_YOUR ASSIGNMENT_
Each line from the one holding "Handsbolls match. En" to the last line of the listing must be set down exactly. No pictures are to be included.

_DATA_
*****
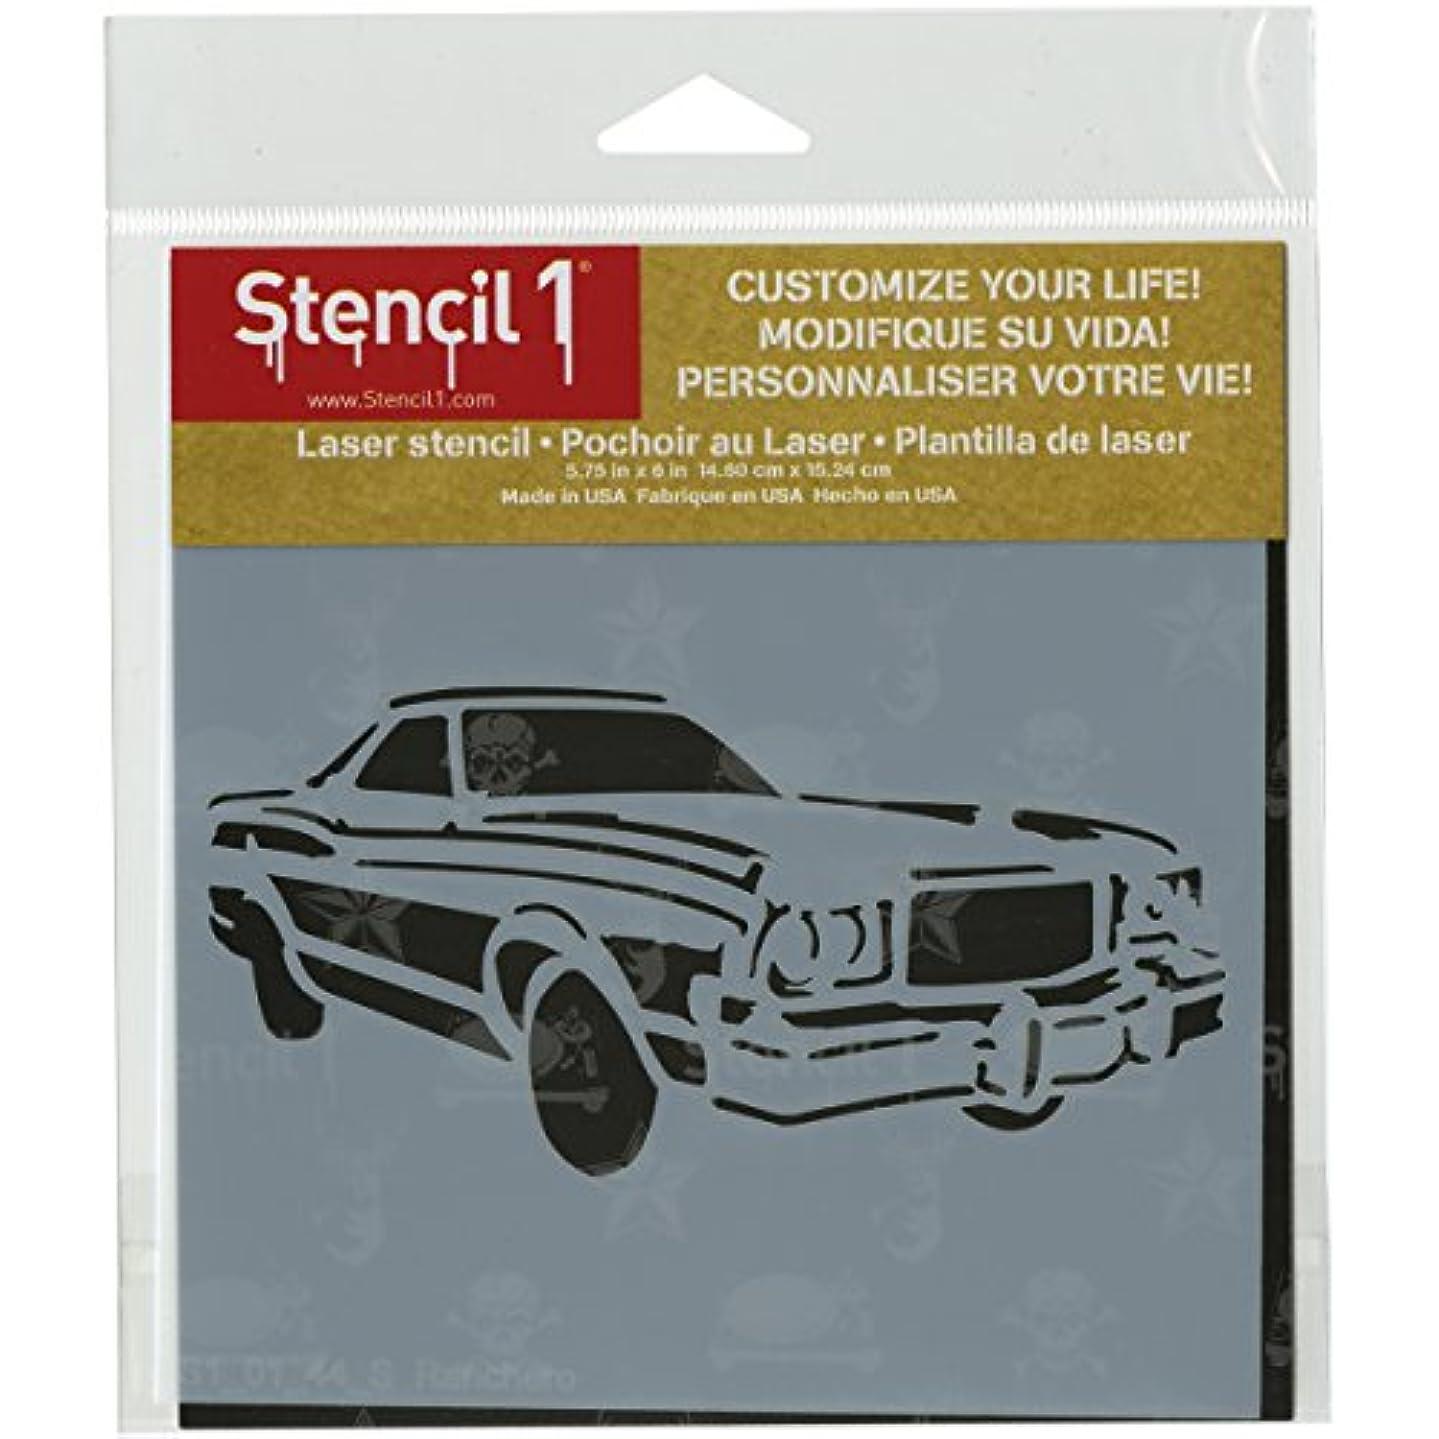 Stencil1 Ranchero Stencil, 6 x 6
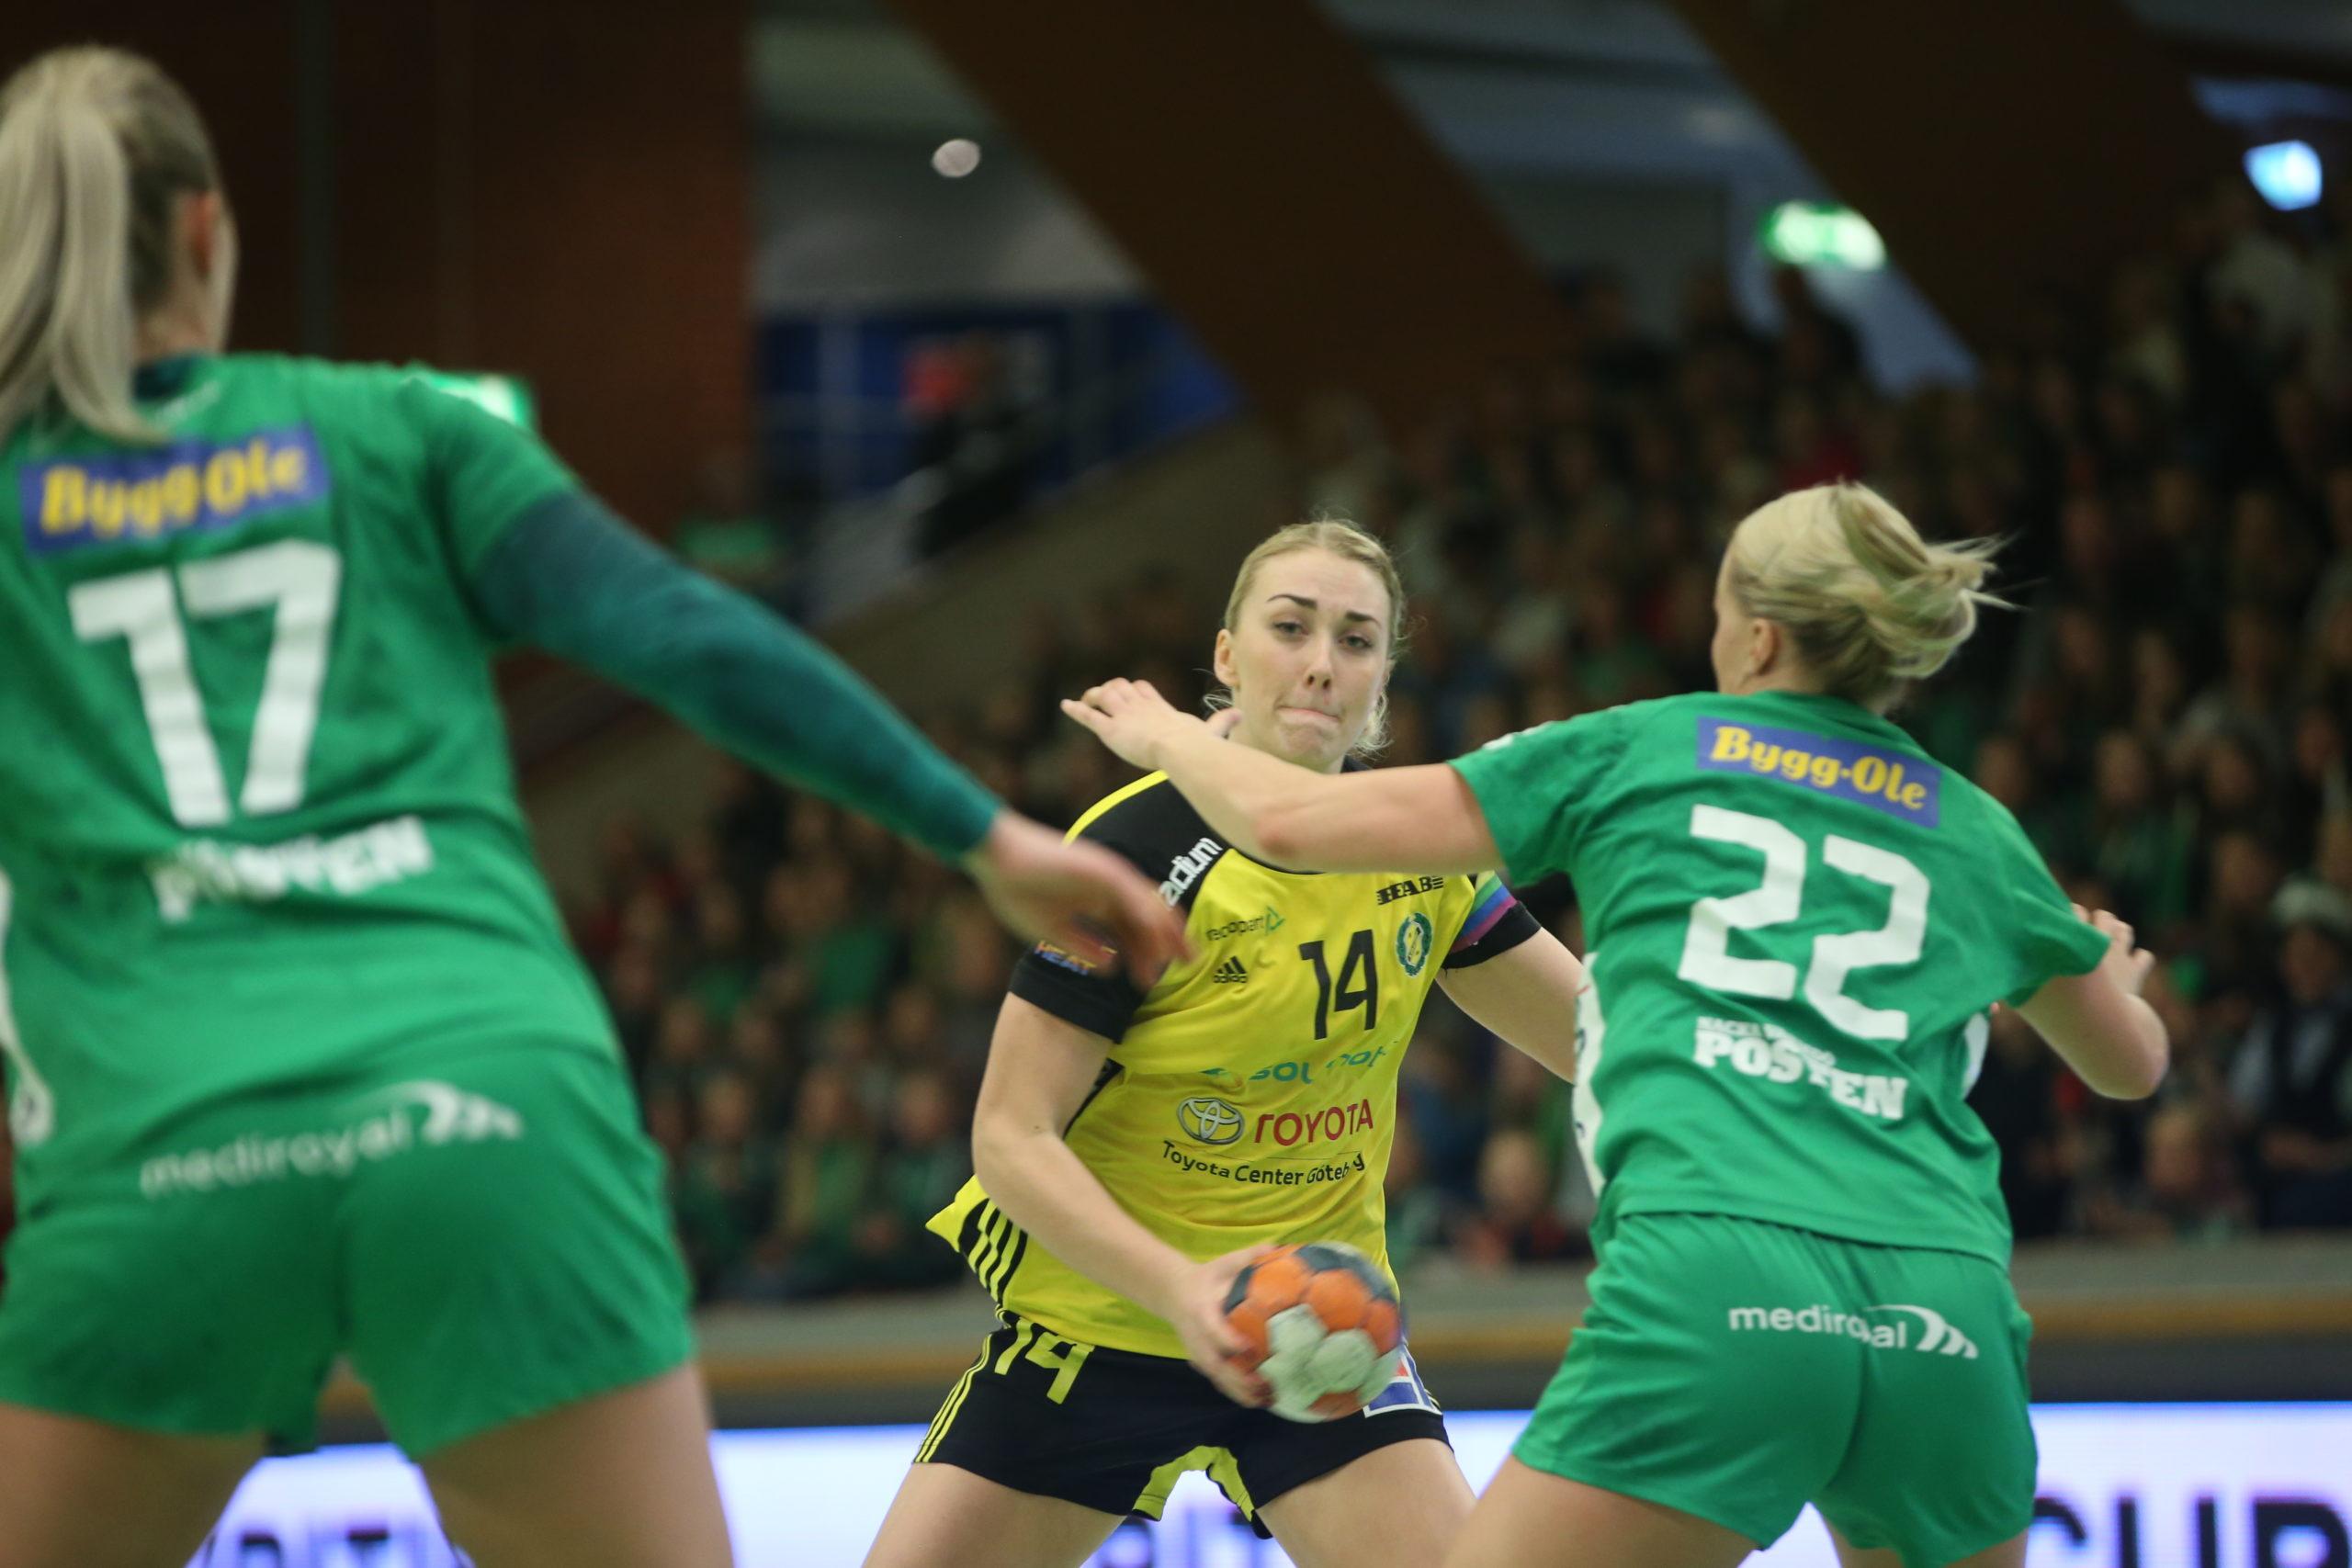 Handsbolls match. En tjej I gul och svart matchtröja blir försvarad av två tjejer i gröna matchställ.
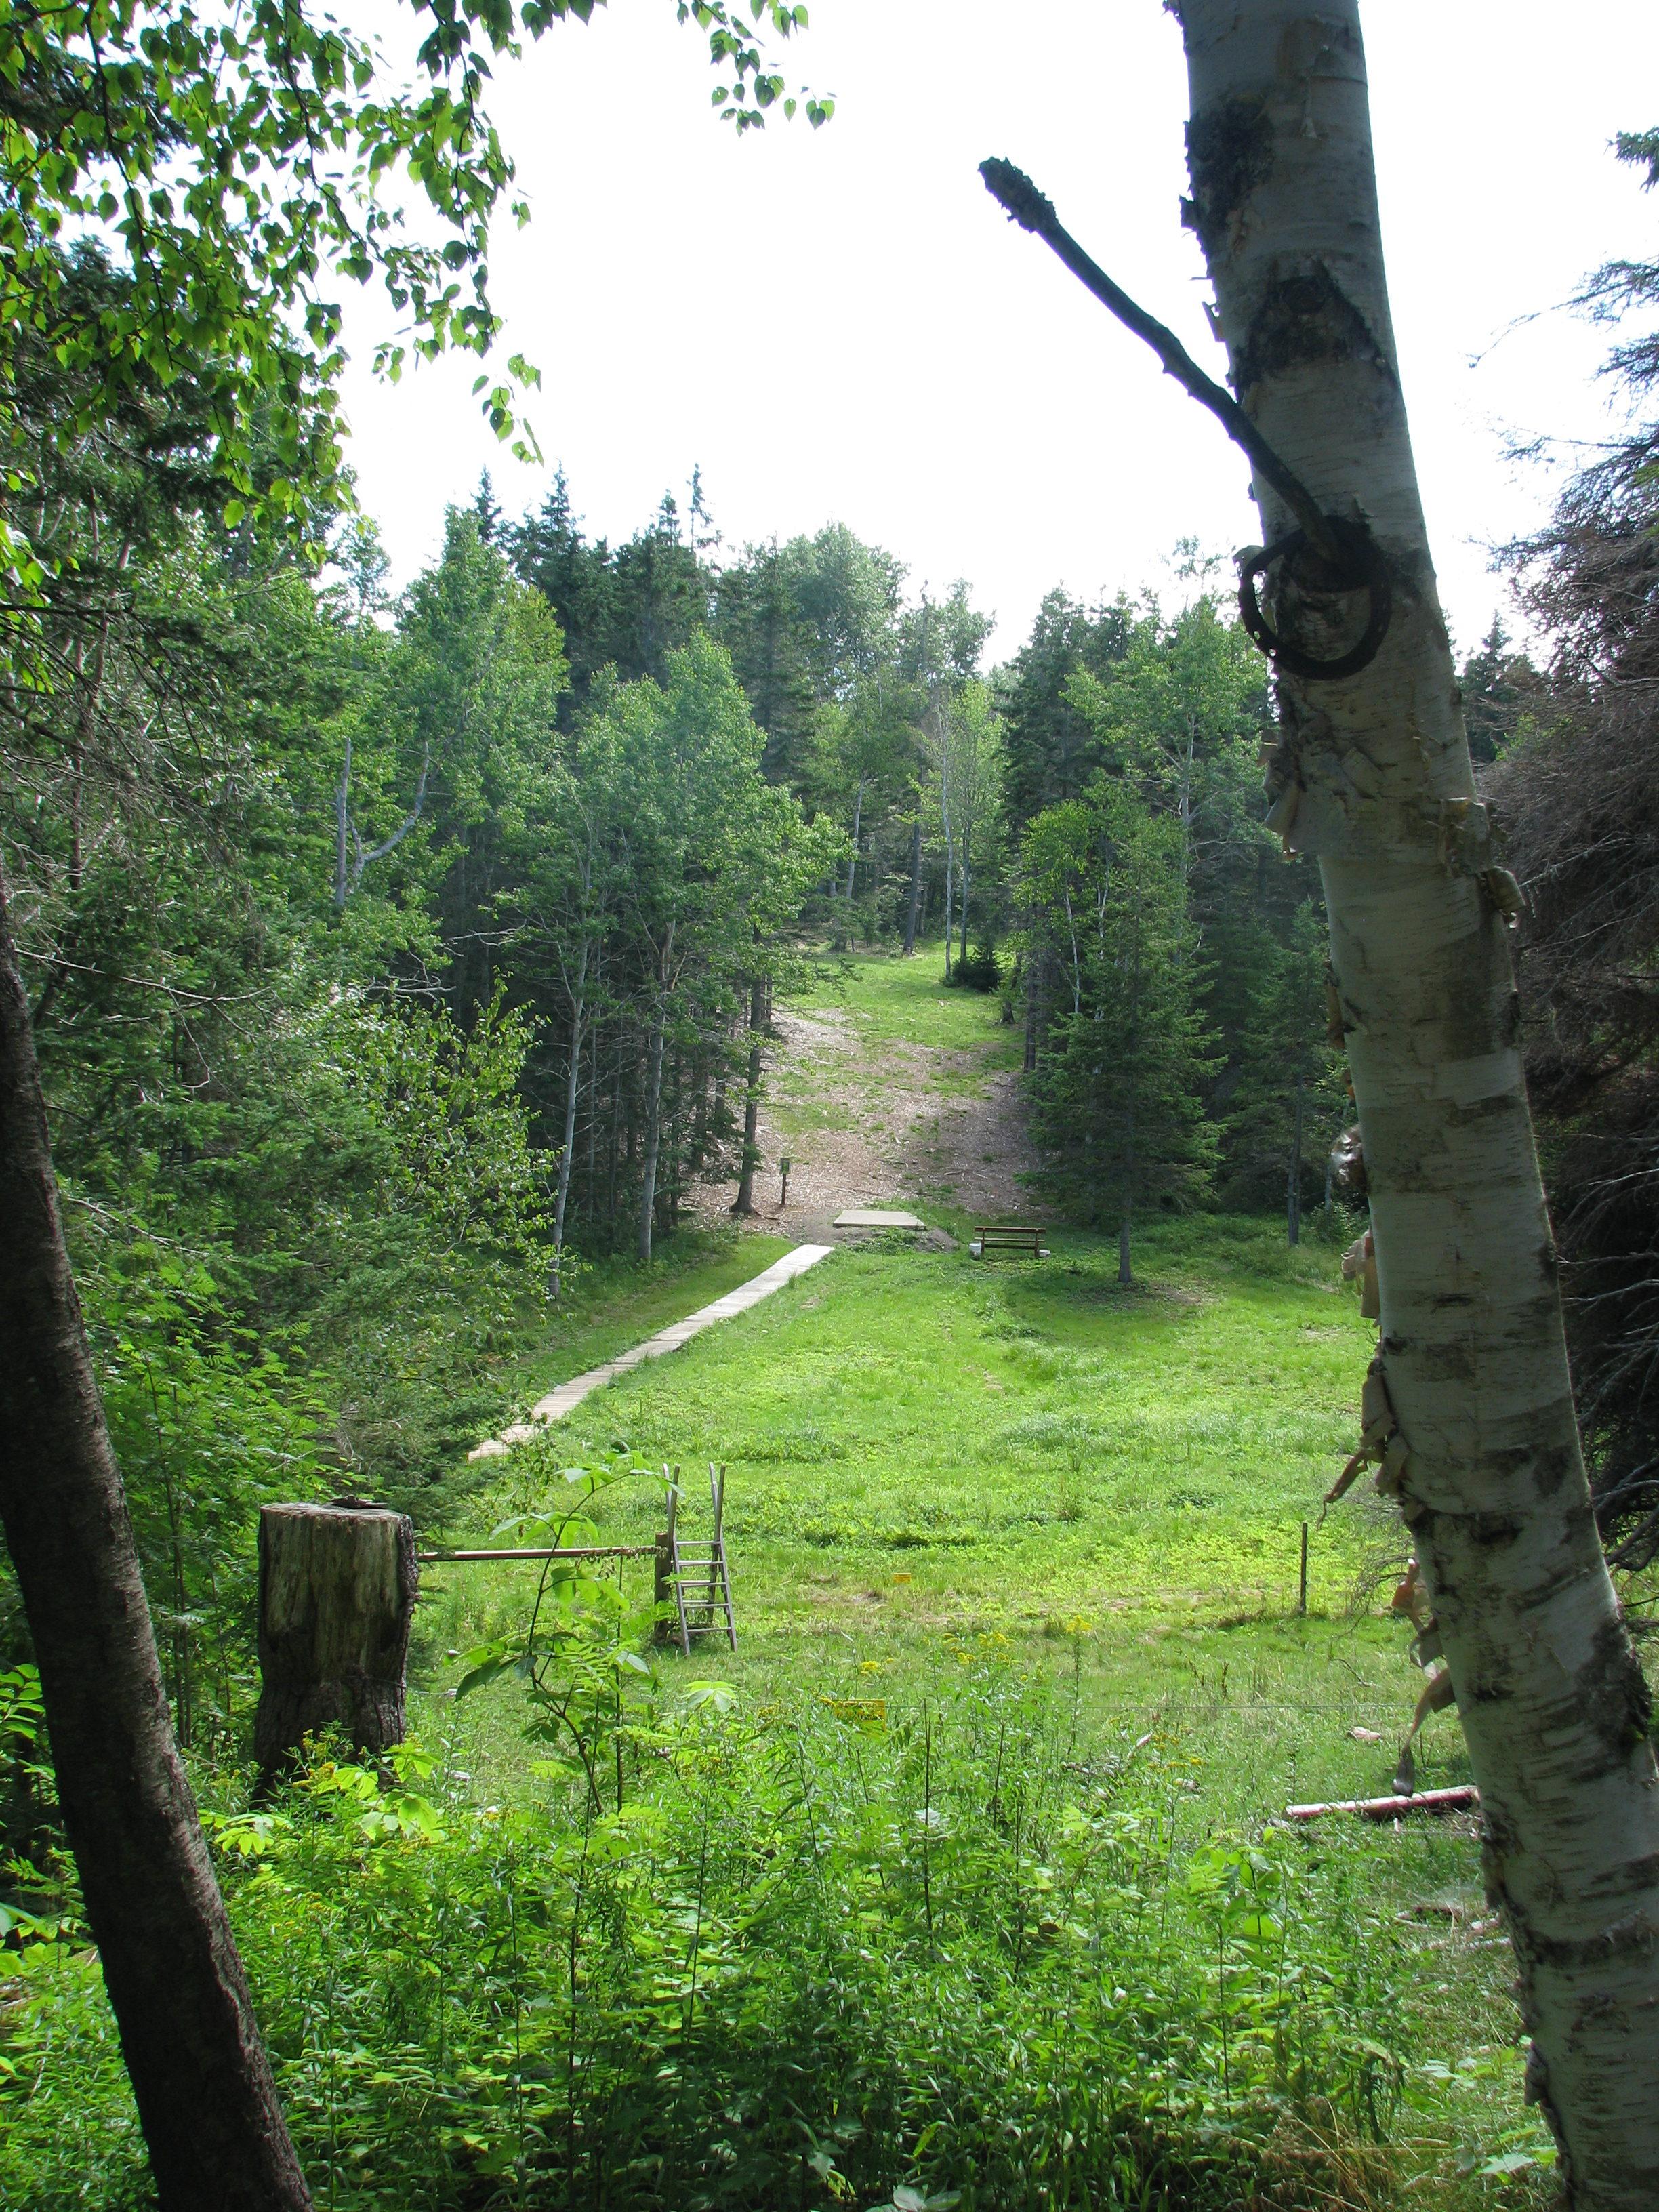 Hillcrest Farm Disc Golf Course - Long tee hole #2
*****
_SOLUTION FOR THIS EXERCISE_
 Handsbolls match. En tjej I gul och svart matchtröja blir försvarad av två tjejer i gröna matchställ.
 Hillcrest Farm Disc Golf Course - Long tee hole #2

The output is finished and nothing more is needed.